For Yale School of Architecture’s Paprika, April 2017
Like other exported Swedish crime dramas, “Jordskott” has its fair share of sublime morbidity. I haven’t finished the series, so I will betray here only a partial spoiler. Like other Swedish crime dramas, this one follows a sharp, socially awkward, beautiful, and preternaturally tough protagonist. The plot focuses on Eva’s return to her hometown Silverhöjd, which is being strangled by the forest. She learns that ingesting a nasty-looking parasite can save your life in Silverhöjd and even clean up a rash on your supermodel-proportioned forearm.
A mirrored society of non-humans haunts Eva’s hometown. These other creatures are of the forest while the humans are of the town once built with wood fairly harvested from the forest. There once existed a symbiosis between the two societies (town and forest). But then Silverhöjd’s industrialists became stricken with capitalist greed for more forest access, which led to a xenocide campaign to clear out the resisting forest people.

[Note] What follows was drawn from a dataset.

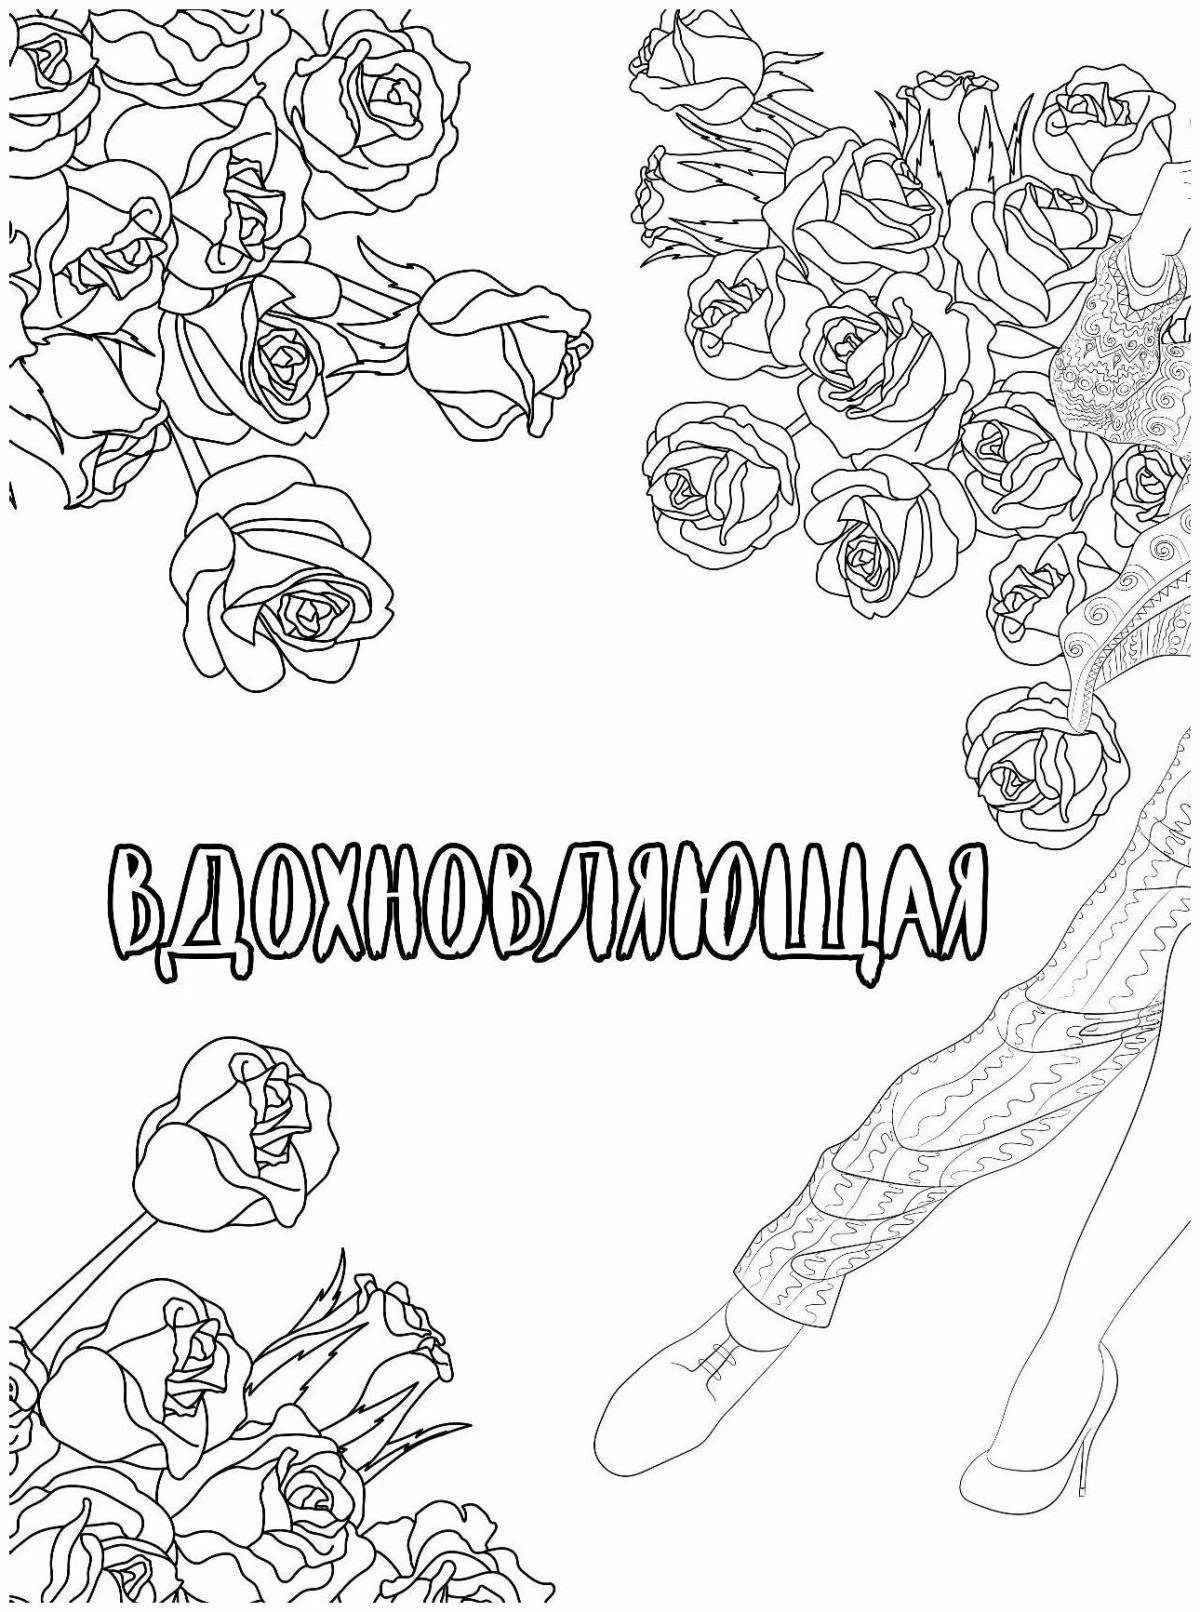 Exmo animated coloring page

At great risk, police officers, miscreant children, and loggers enter the contentious forest. Its cushiony floor is blanketed in a disarming misty green. But that’s a ruse. Festering heaps of organic rot conceal chutes to caverns below where shadow people mix potions to kill some people and heal others. The protagonist probes this underground, searching for clues about an aboveground epidemic of throat-slittings and kidnappings. She becomes entwined in a forest resounding with darkness, decay, transgression, and most of all, pending environmental catastrophe.